O olhar condescendente da burguesia
Na época do capitalismo industrial, a luta pela reforma agrária dos camponeses era contra o latifúndio. A própria burguesia industrial nos olhava com certa condescendência, porque, afinal, depois que nós conquistássemos a terra e se multiplicasse o campesinato, geraríamos mais compras na indústria, maior integração no mercado. A burguesia em si não se sentia afetada e foi por isso que ela nos tolerou. Porém, de dez anos para cá, a nova classe dominante do campo não é mais nem o latifúndio, nem a burguesia industrial; formou-se uma nova classe dominante. E essa classe é formada pelo capital financeiro, que domina a produção agrícola, pelas grandes empresas transnacionais e, óbvio, pelos fazendeiros que se modernizaram e aderiram a essa aliança. E ainda há um quarto elemento da composição de classes: os meios de comunicação. A burguesia usa os meios de comunicação para justificar ideologicamente à população que o agronegócio é a única alternativa possível, que ele sustenta o Brasil, que produz alimentos baratos, etc. Quem faz esse discurso todos os dias? A mídia. Então, ela deixou de ser um canal informativo e passou a ser um palanque ideológico da burguesia. Ela participa permanentemente da luta de classes.

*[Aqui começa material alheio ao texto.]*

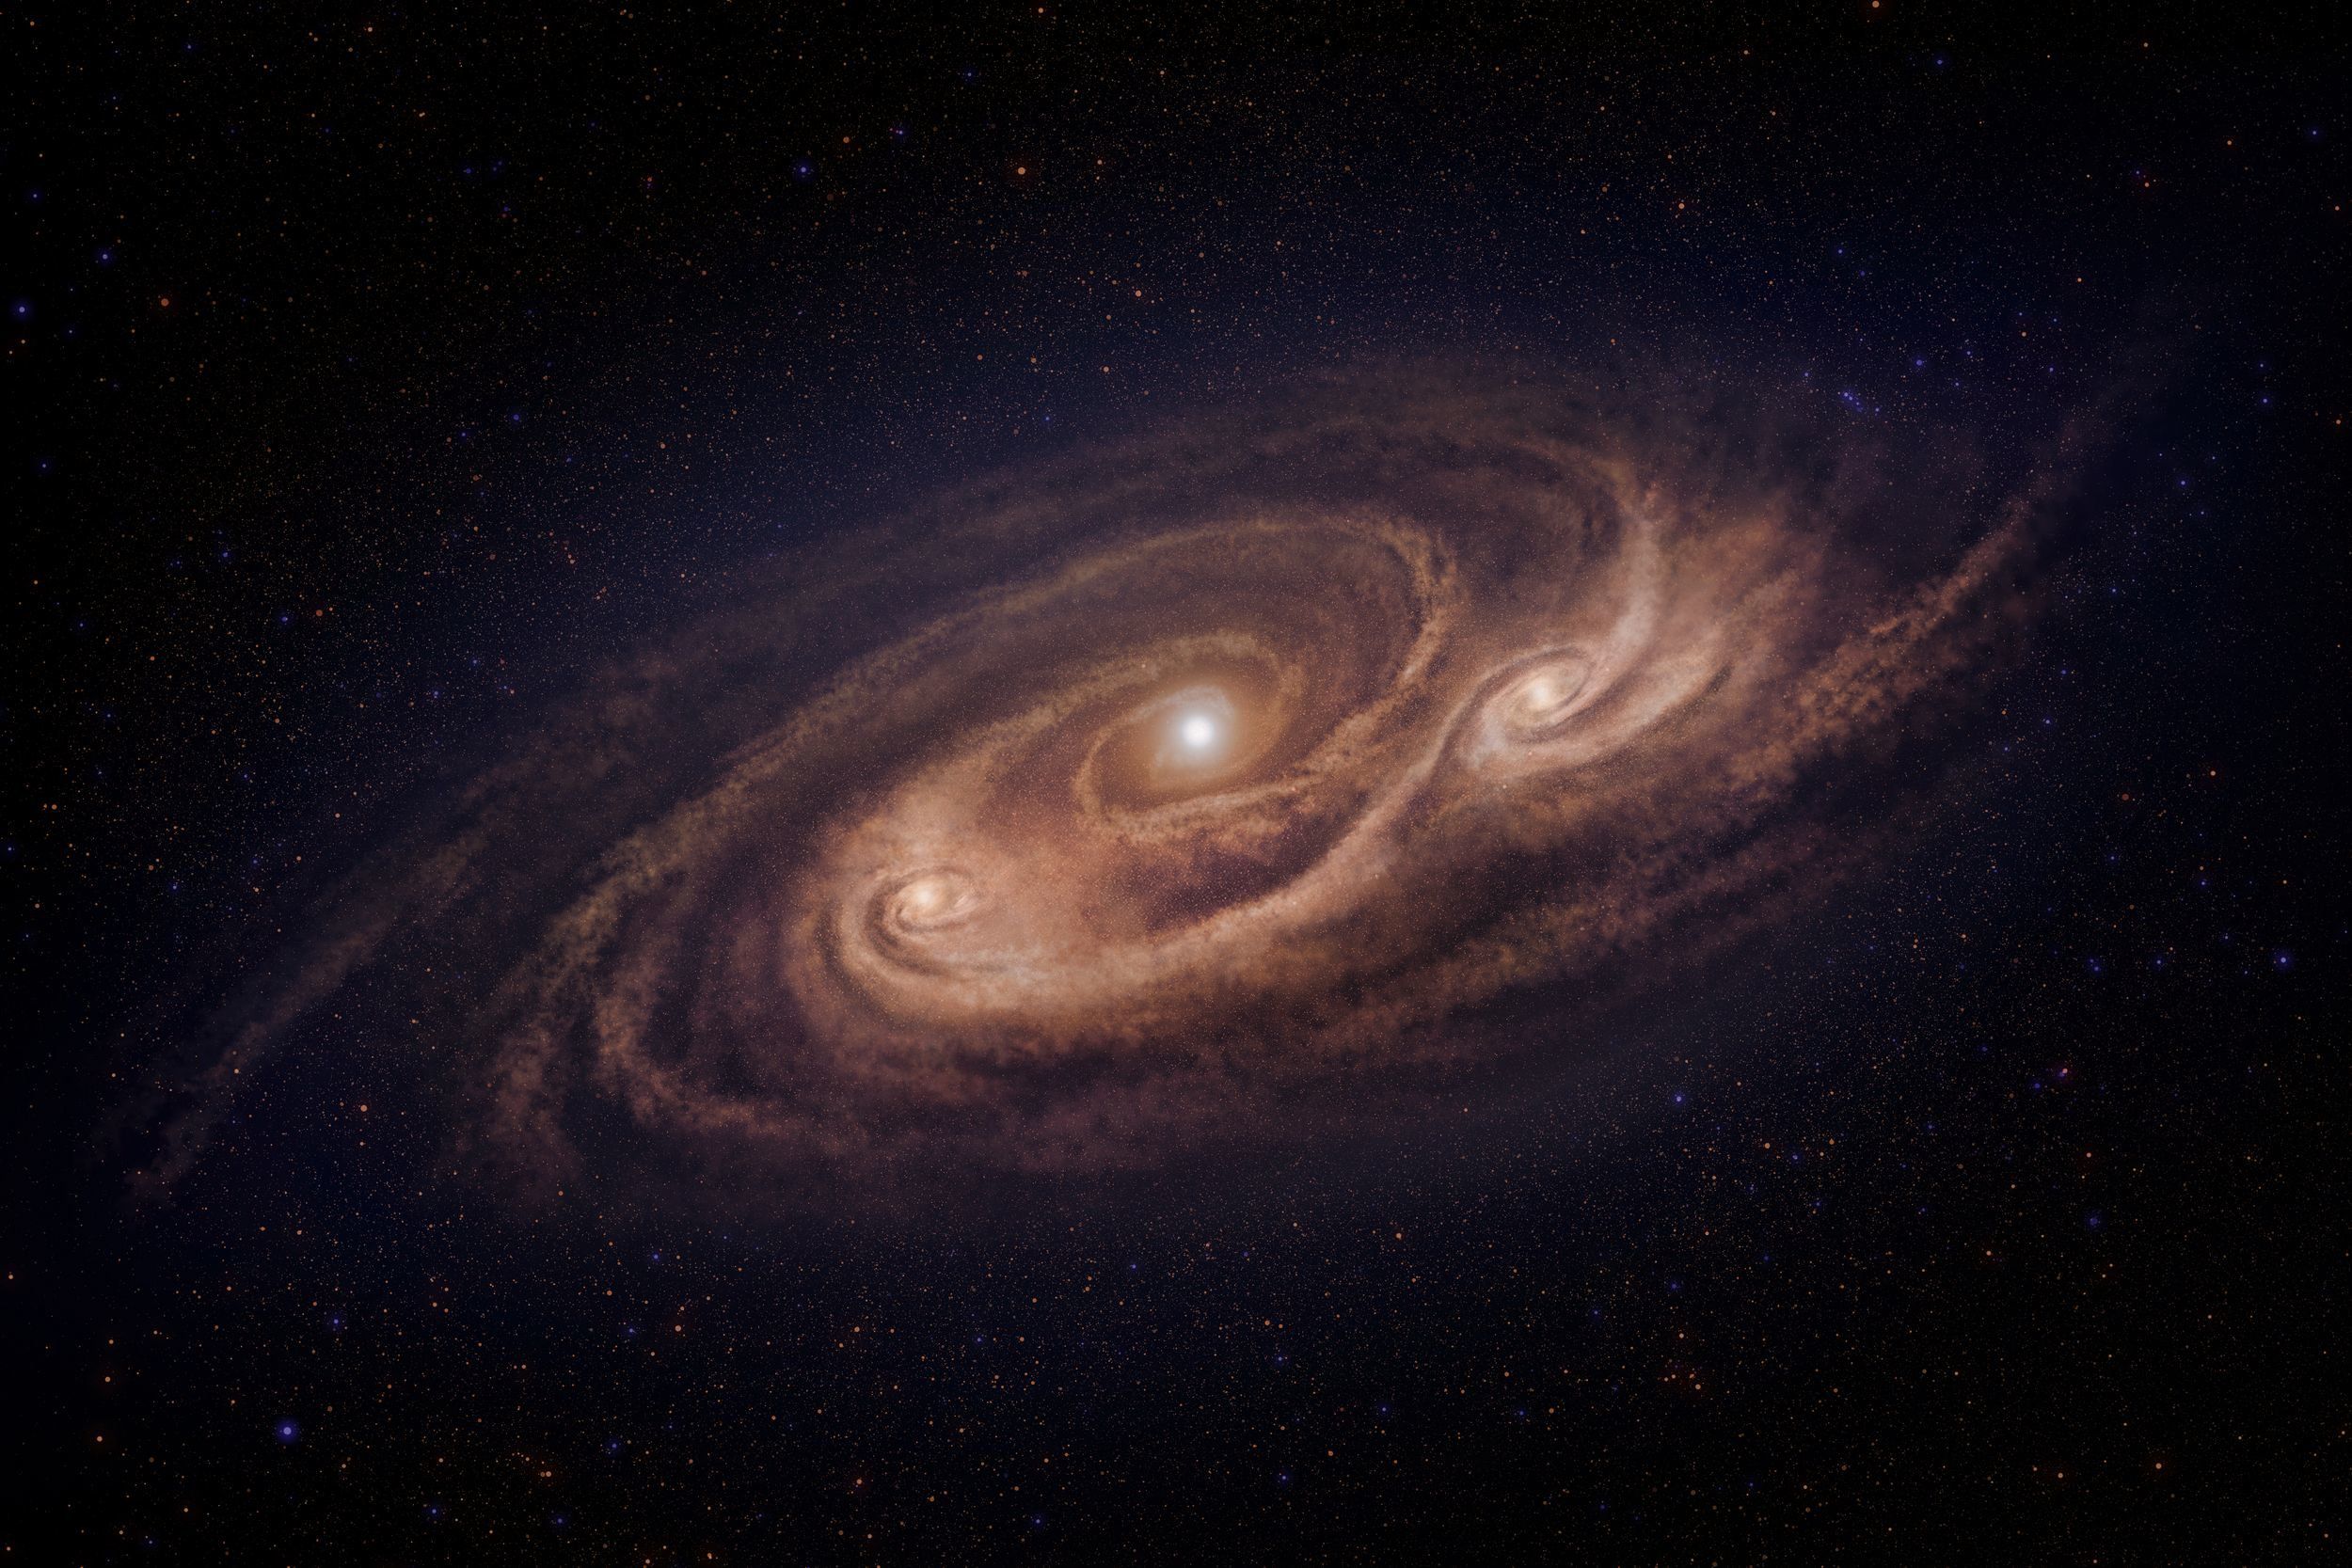 Гигантская звездная система. GN-z11 Галактика. Космос Галактика Млечный путь. Cosmos-Aztec-1. Звездная система в галактике Млечный путь.

Basta ver as manifestações de junho de 2013 para saber como a mídia se comportou. No campo acontece a mesma coisa. A mídia procura invisibilizar as lutas sociais. Há companheiros nas universidades dizendo que o governo está criminalizando as lutas sociais. Não. Nosso problema não é só repressão policial. Nosso problema é a repressão ideológica que os meios de comunicação fazem contra qualquer luta social.
IHU On-Line - O que a mobilização organizada, a partir da realização dos grandes eventos, como a Copa do Mundo e as Olimpíadas, indica sobre o estágio atual das articulações do MST? O Movimento dos Sem Terra perdeu seu papel de liderança na política nacional?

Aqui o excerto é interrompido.